Introduction to Stock Market Data
Introduction to Stock Market Data
Financial market data is one of the most data-rich domains available, and SQL is the tool used by quantitative analysts, traders, and financial data engineers to query, transform, and analyse it. Whether you work at a hedge fund, a bank, a fintech startup, or simply manage personal investments, understanding how to query market data efficiently is a high-value skill.
This section teaches financial market SQL using a realistic stock market dataset. Every technique here — moving averages, volatility calculation, technical indicators, portfolio correlation — mirrors what professional quants and financial analysts actually compute.
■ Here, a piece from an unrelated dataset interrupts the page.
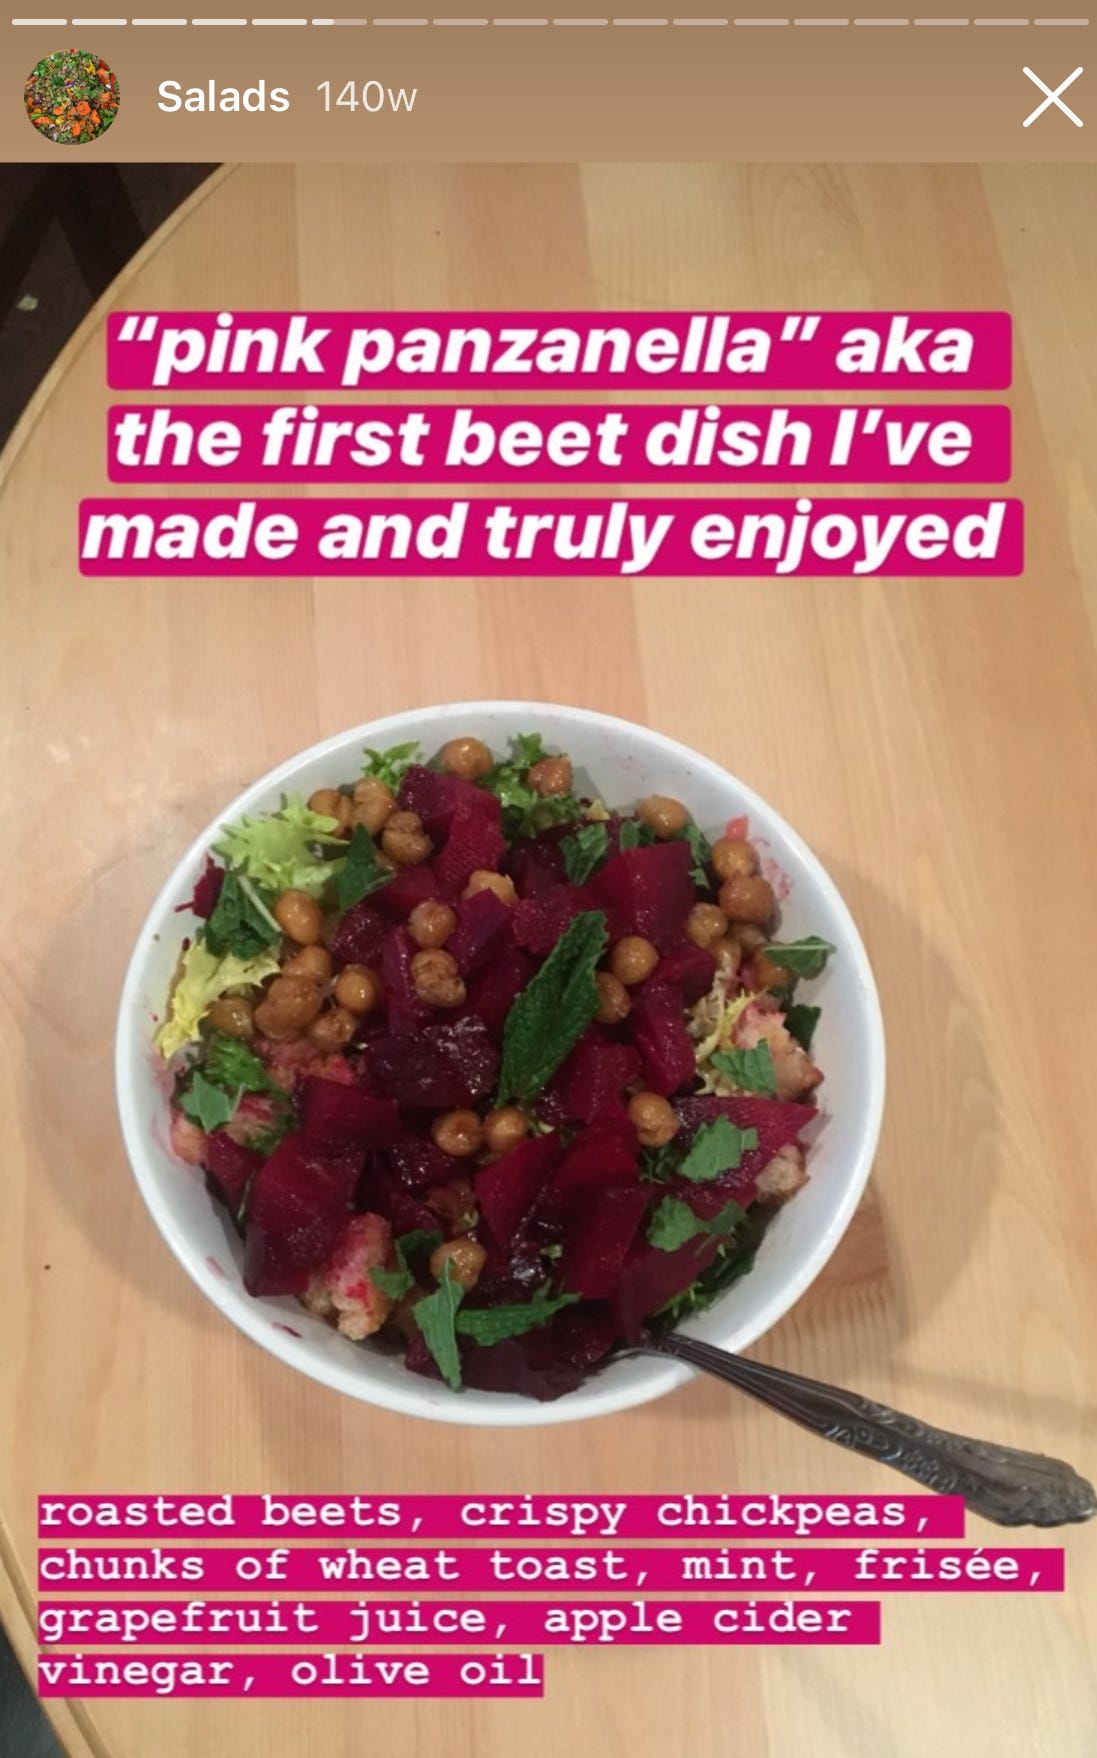 bowl of beet salad with caption "pink panzanella, aka the first beet dish i've made and truly enjoyed. roasted beets, crispy chickpeas, chunks of wheat toast, mint, frisee, grapefruit juice, apple cider vinegar, olive oil"

What Stock Market Data Looks Like
Stock market data arrives in a specific format called OHLCV: Open, High, Low, Close, Volume. Each row represents one trading day for one stock. This is the fundamental unit of financial time-series data.
date | ticker | open | high | low | close | volume
------------|--------|--------|--------|--------|--------|----------
2024-01-02 | AAPL | 185.50 | 187.20 | 184.10 | 186.80 | 42,300,000
2024-01-03 | AAPL | 186.80 | 188.50 | 185.00 | 184.20 | 38,100,000
2024-01-04 | AAPL | 184.20 | 185.80 | 182.10 | 183.50 | 45,200,000
Understanding each field:
- Open: The price at market open (9:30 AM ET for US markets)
- High: The highest price traded during the day
- Low: The lowest price traded during the day
- Close: The final price at market close — the most commonly referenced price
- Volume: Number of shares traded — high volume validates price moves; low volume is suspect
The Dataset Schema
-- COMPANIES: Stocks we're tracking
-- id (UUID), ticker (TEXT), name (TEXT), sector (TEXT), exchange (TEXT)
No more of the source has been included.